一年后。
谁也不知道汤姆一行人是怀揣着什么心情回到美国的。不知为什么,当初美国警方向他们下达了通缉令后并没有派人来逮捕他们,就连回国乘飞机时也像往常一样什么事也没有发生。
一年前威尔逊的死对于他们来说如同晴天霹雳,最大的原因并不是因为对威尔逊敬重的感情,而是Slender Man被发现行踪的时间,并且与威尔逊的死亡时间实在太相近。这个事实把他们都折磨得精神将近崩溃,要说最开始放弃的念头只是一粒微不足道的种子,那么现在它已经成长为一棵参天大树了。这大树把所有名为希望的空隙都占满了,压抑得他们难以呼吸。
回到警局,汤姆和格蕾丝看到了一抹熟悉的身影。
“米兰达......”好久不见的身影,不知为何,汤姆觉得眼睛有些湿润。
布鲁和雷德被批假回家休息,此时剩下的五人被米兰达请入了警局里的一间招待室。五人坐在沙发上都盯着地面,无一例外地没有说话,眼神空洞,也不知在想什么。

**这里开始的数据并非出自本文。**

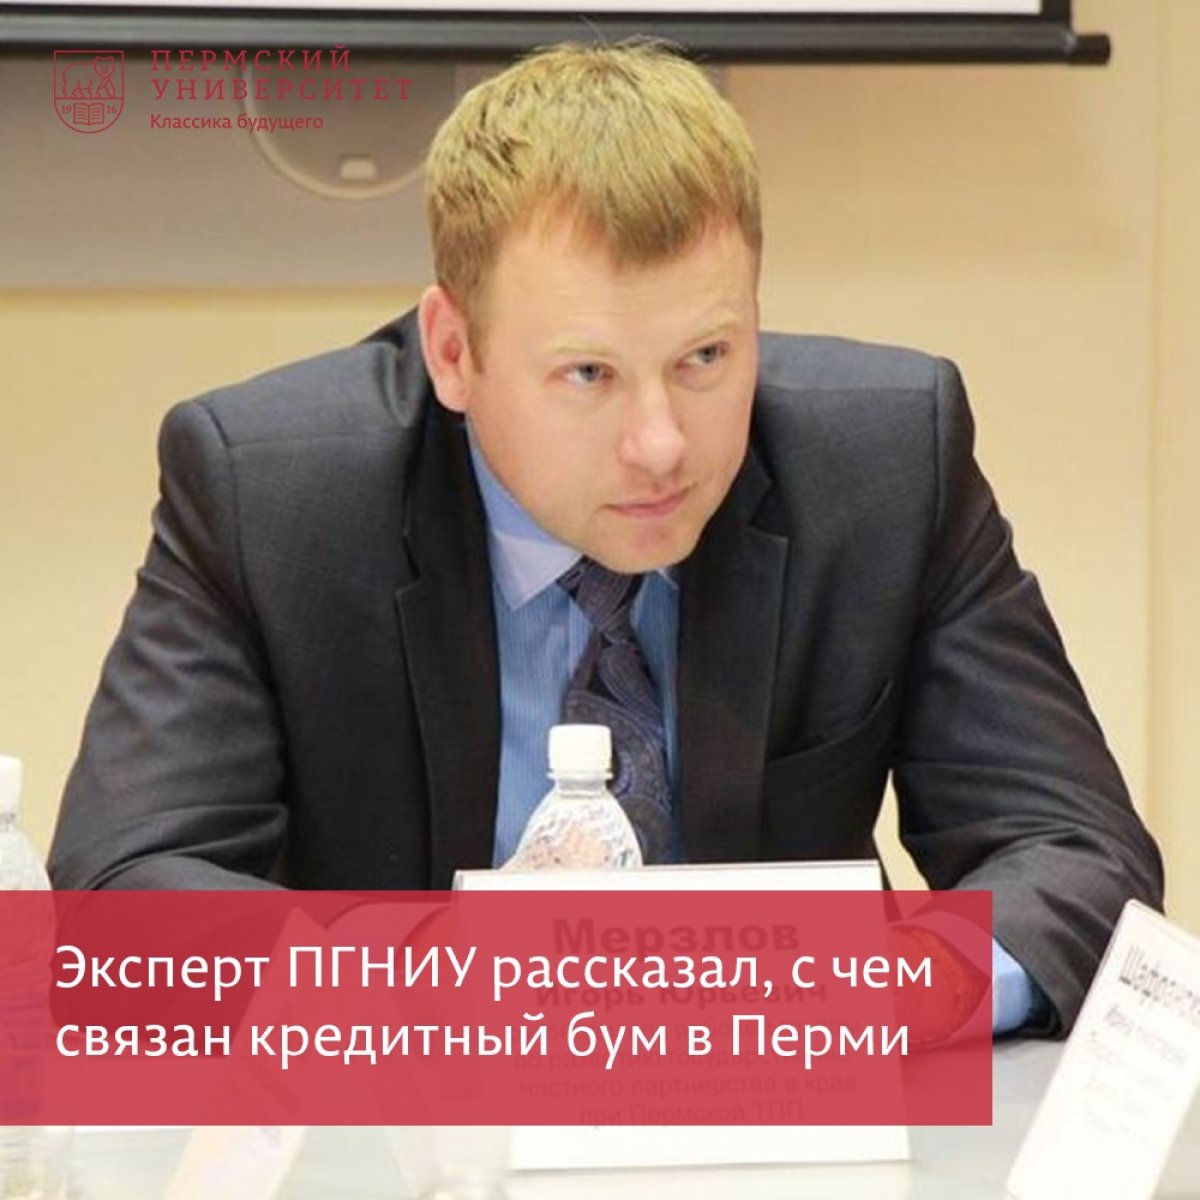 Игорь Мерзлов, доцент Пермского университета, рассказал, с чем связан кредитный бум в Перми
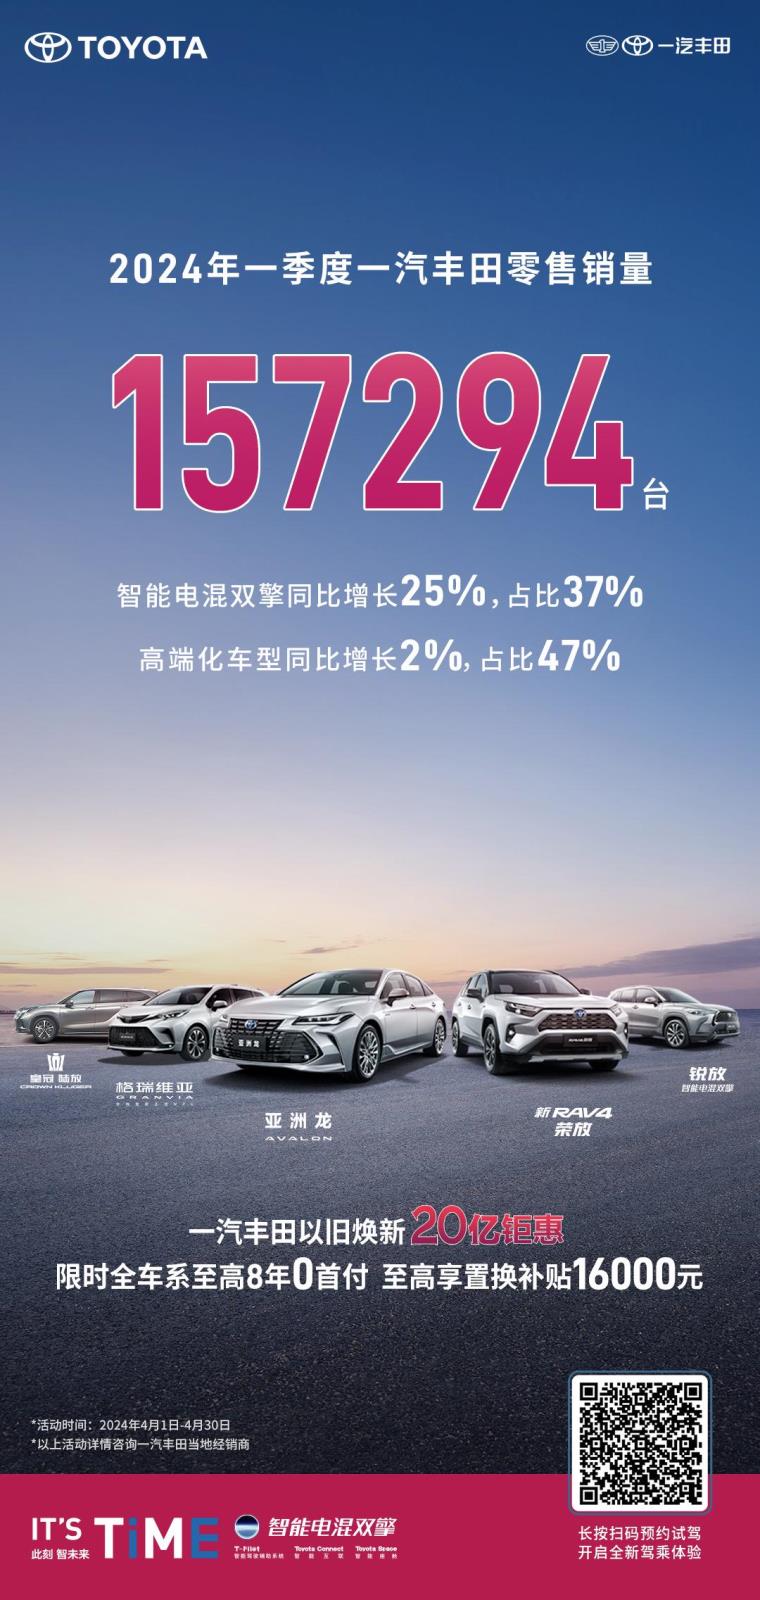 双擎车型销量占比37% 一汽丰田一季度销量持续增长

“当时我也是刚刚结束完人物就收到威尔逊先生去世的消息。对此,我感到惋惜。”最终,还是米兰达打破了这个房间里令人窒息的死寂。“接到上级的通知后我就匆忙赶回来了。还好那边的事也办得差不多了,不然连葬礼都参加不了。”
房间里还是沉默。
米兰达叹息了一声:“唉。其实当初你们就怎么也不应该违抗上级的命令。这个怪物太可怕了。前几个月领
导层下达指令,把SlenderMan标记为非人类逮捕对象。这个定义下达得太晚了。可笑的是,如果不是因为太多非警方或非军方人员出于好奇擅自进入山林接近Slender Man而死于非命的话,不知这事还要推多久。——你们实在太不成熟了,知道你们血气方刚,但......就凭你们几个,居然还跑到德国!我真是......”米兰达摇了摇头,将手中的咖啡一饮而尽。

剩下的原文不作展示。